There is no provision for the transfer of land by a person
other than the accountable person, and the acquisition price cannot exceed the
amount of the duty.
The Commissioners' powers extend to the acquisition of
foreign immovable property, but are scarcely likely to be exercised in respect
of it."
The position in the United Kingdom appears to be more or
less the same even after the former estate duty was replaced by the new tax
known as capital transfer tax by the British Finance Act, 1975 (vide section 22
of the Finance Act, 1975). The relevant part of paragraph 17 of Schedule 4 to
that Act reads thus:
" 17. (1) The Board may, if they think fit, on the
application of any person liable to pay tax, accept in satisfaction of the whole
or any part of it any property to which this paragraph applies.
(2) This paragraph applies to any such land as may be
agreed upon between the Board and the person liable to pay tax.
(3) This paragraph also applies to any objects which are
or have been kept in any building (a) If the Board have determined to accept or
have accepted that building in satisfaction or part satisfaction of tax or
estate duty, or ...... .. (See Halsbury's Statutes of England (Third Edition)
Vol. 45, at page 1870)
Section 52 of the Act was substituted by a new section 52
by the Direct Taxes (Amendment) Act, 1964. The new section reads thus:
" 52. Payment of duty by transfer of Property.-(1)
The Central Government may, on an application of the person accountable for
estate duty, accept in satisfaction of the whole or any part of such duty any
property passing on the death of the deceased at such price as may be agreed
upon between the Central Government and that person, and thereupon such person
shall deliver possession of the property to such authority as may be specified
by that Government in this behalf.
(2) Notwithstanding anything contained in any other law
for the time being in force, on the date the possession of the property is
delivered to the authority under sub-section (1)-
(i) the property shall vest in the Central Government; and
(ii) the Central Government shall, where necessary,
intimate the registering authority concerned accordingly;
and the authority shall administer the property in such
manner as the Central Government may direct.

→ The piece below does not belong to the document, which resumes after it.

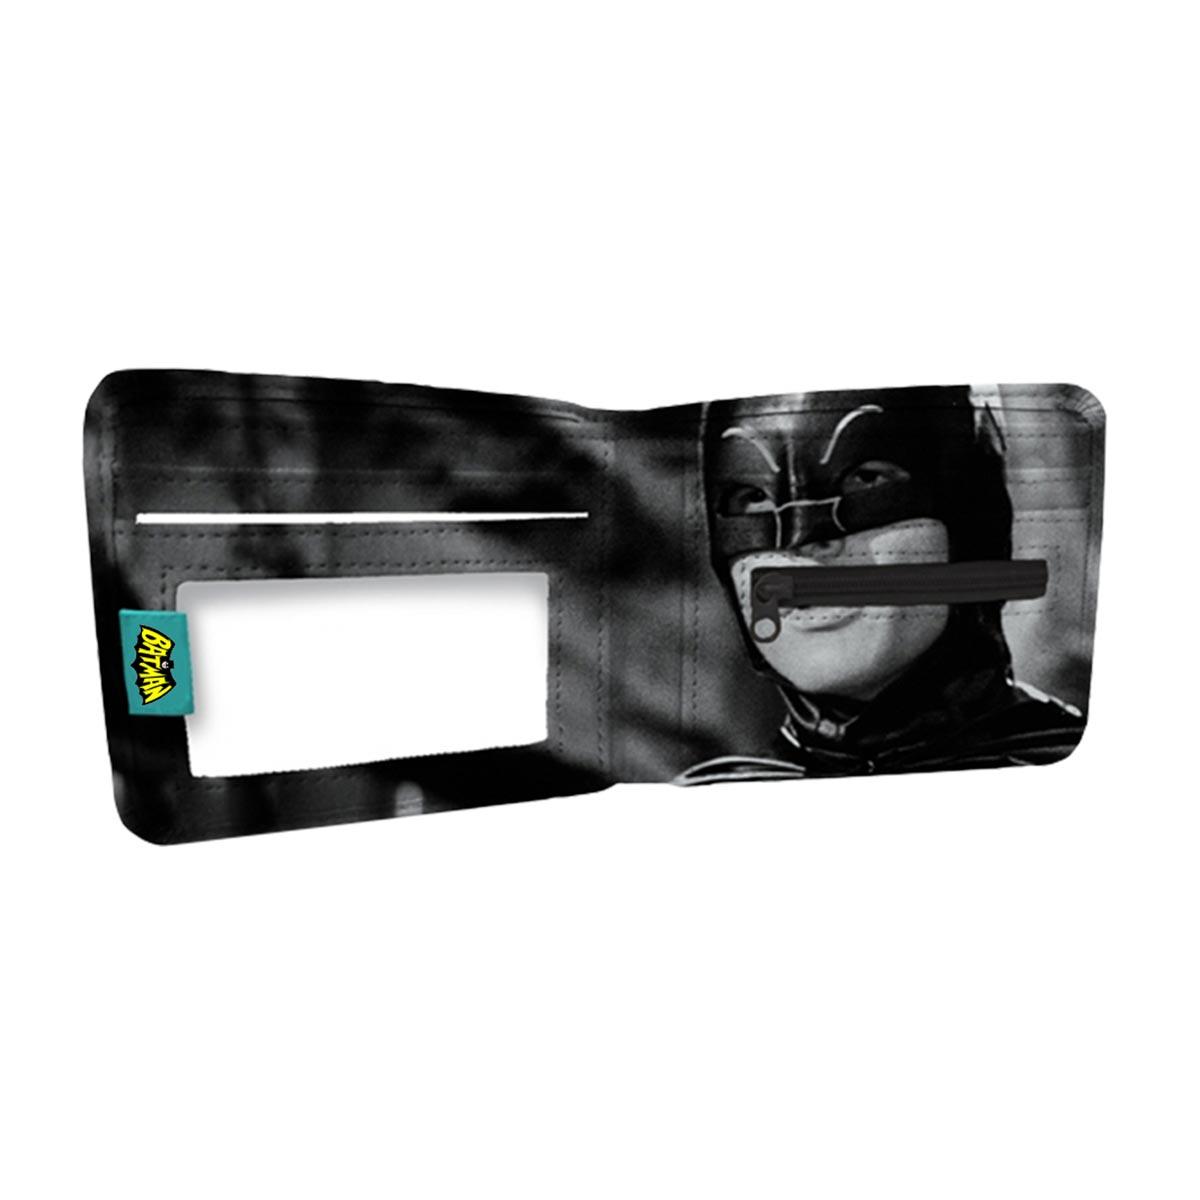 Carteira Movie Batman and Robin P&B

(3) Where the price referred to in sub-section (1) exceeds
the aggregate of the amounts due under this Act, in respect of the estate of the
deceased, the excess shall be applied in the following order to the payment of
any tax, penalty, interest or other amount (i) which the legal representative of
the deceased is liable to pay in respect of the income, expenditure or wealth
of, or gift made by, the deceased under any of the Acts referred to in clause
(c) of section 2 of the Central Boards of Revenue Act, 1963 (54 of 1963);
(ii) which the executor is liable to pay under any of the
Acts aforesaid in respect of the estate of the deceased for the period of the
administration of the estate;
(iii) which the person beneficially entitled to the
property in question is liable to pay under any of those Acts; and the balance,
if any, shall be paid to the accountable person. In the Notes on Clauses annexed
to the Bill which ultimately became the Direct Taxes (Amendment) Act, 1964, it
was stated:
" Sub-clause (b) seeks to substitute the provisions
of section 52 of the Estate Duty Act by a new provision, enabling the Central
Government to accept at an agreed price, the assets comprised in an estate
passing on the death of the deceased towards payment of the estate duty, if the
accountable person so offers. Provision is also made that any balance of the
price left after satisfying the amounts due under the Estate Duty Act will be
adjusted against amounts due under the other direct taxes Acts from the
deceased, his estate and the accountable, person beneficially entitled to the
asset in question in that order."
Let us now analyse s. 52 of the Act. A proceeding under s.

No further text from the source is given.